Now I've followed Zimmermann's fiddle releases on EMI, and though he is always a strong and musical player, I have never heard a release that seemed to rise so high for so long that I knew during its first movement that it belonged on the fav shelves. Now Zimmermann is released on Sony, and from the playing on this disc, it seems clear that he is still growing, musically. If Zimmermann plays like this, from this point onwards, he will likely be named a fiddle god in our hapless pantheon?
Another winning aspect of this release is its musical partnership. Antoni Wit has an existing strong recorded catalog, mostly on Naxos to date; though he, too, has often sounded attractive and reliable without being a sure-shot fireworks keeper. Manfred Honeck is now leading Pittsburgh, and is yet another musical name that does not immediately spring to mind for jet-set marketing cache. Whatever. All three musicians, and the two bands involved, are here doing their best ... very best musical work to date ... and then some, in my view.

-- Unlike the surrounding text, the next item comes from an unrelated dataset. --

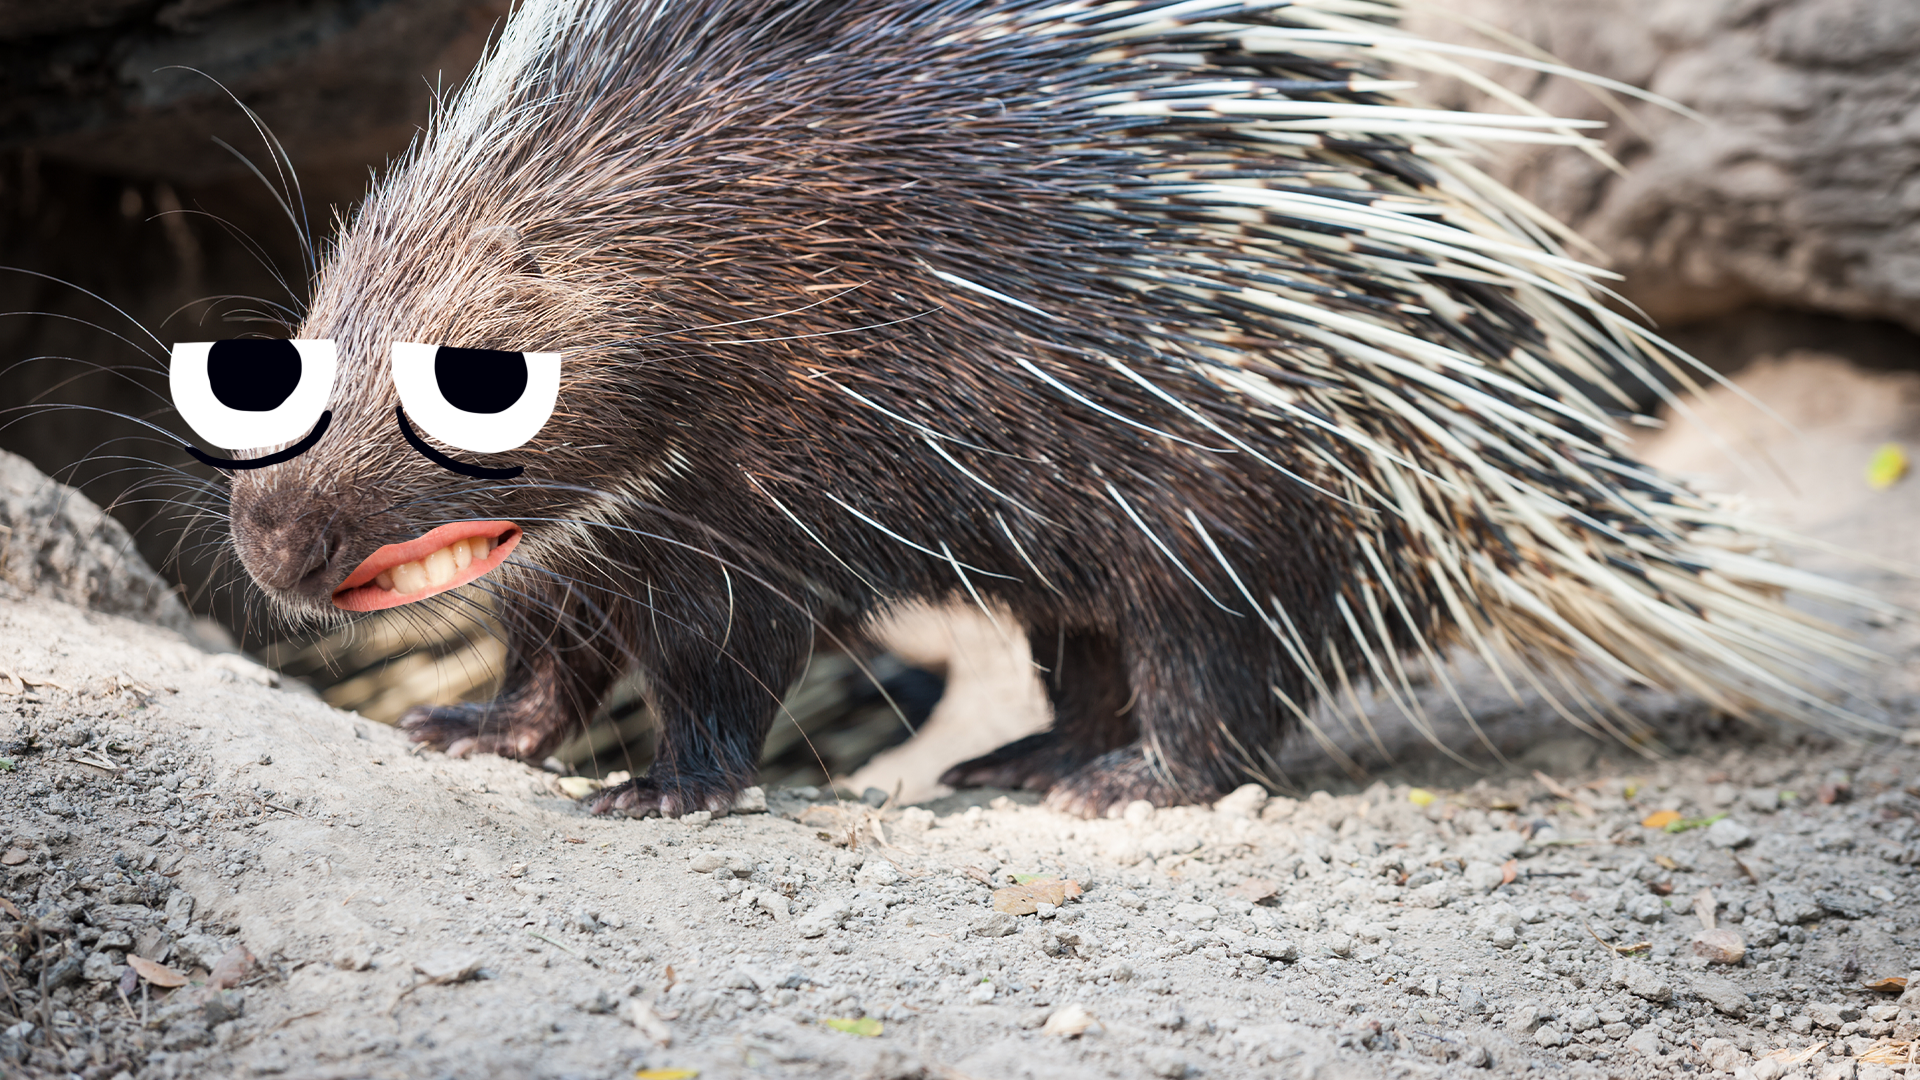 Grumpy looking porcupine

Zimmerman, Wit, and Warsaw take to the two Szymanowski concertos with allure, technique, and a sophisticated gusto that one does not readily associate with this modern Polish composer. All are digging into the post-Debussy chromatic polytonal mix with polish, ease, conviction. We listeners might be forgiven for thinking that these concertos were over-exposed, war horse concert hall fare. The first concerto immediately gathers and speaks and stands up and unfolds.
This reading is extrovert yet also inwardly touched and deepened. Even an unfamiliar or under-exposed Szymanowski listener may be swept up. Wit and the band simply have seemingly immersed themselves in the challenging, non-obvious orchestra writing, to an extent which let's us begin to hear orchestral textures, shapes, and narratives in fitting musical perspective. Zimmermann holds forth as if doing a Szymanowski concerto were the most facile or predictably populist repertoire choice at hand. His fiddle is vivid and deeply eloquent. His singing or dramatic musical line always moves, uncannily at one in purpose with what Wit and the band are doing. One can hear, can sense, can nearly always be engaged and carried along. A listener knows, then ... from whence all musical origins arise, what shape is forming at any given moment, and towards what narrative points the composer would have us go.
The second fiddle concerto goes equally well, which is to say, very well indeed. All three make nary a mis-step. If ever Szymanowski in his fiddle concertos were going to leave us spanked, awed, and a bit breathless with surprise buckets full of luxury, not to say, glamor, this disc would be it?
So thanks, Sony for bothering with this unlikely treasure of both concertos?
Then, to wrap up the disc we get Britten's fiddle concerto as well.
The reading is strong, big boned, and dares to be insistent or even fierce at times. Again, Zimmermann is playing richly and very deftly. He lays out Britten's fiddle music, strikingly etched; again beautifully wedded to what Honeck and the band are doing. Every player sounds connected, on the same musical pages. Of course we more or less expect this from performance; though a rare grasp of fiddle and orchestra is boldly on display. The solo fiddle's spotlight manner never outdoes or detracts from anybody else.
From the sounds on this disc, everyone was having a very good day in the studios, and Sony for once has been fortunate enough to capture it and release it in a timely manner. Zimmermann is apparently an artist who will still discover something to say, even in off-beat fiddle repertoire like Szymanowski and Britten. If he brings a similar energy and insight to the rest of the fiddle music he has already recorded for EMI, we will be very, very happy indeed to hear him at work again.
Bravo, Zimmermann, Wit, Warsaw, Honeck, Swedish RSO. Thanks lots, Sony. I knew you could do it, still. PS. Sound is about as good as standard PCM stereo gets.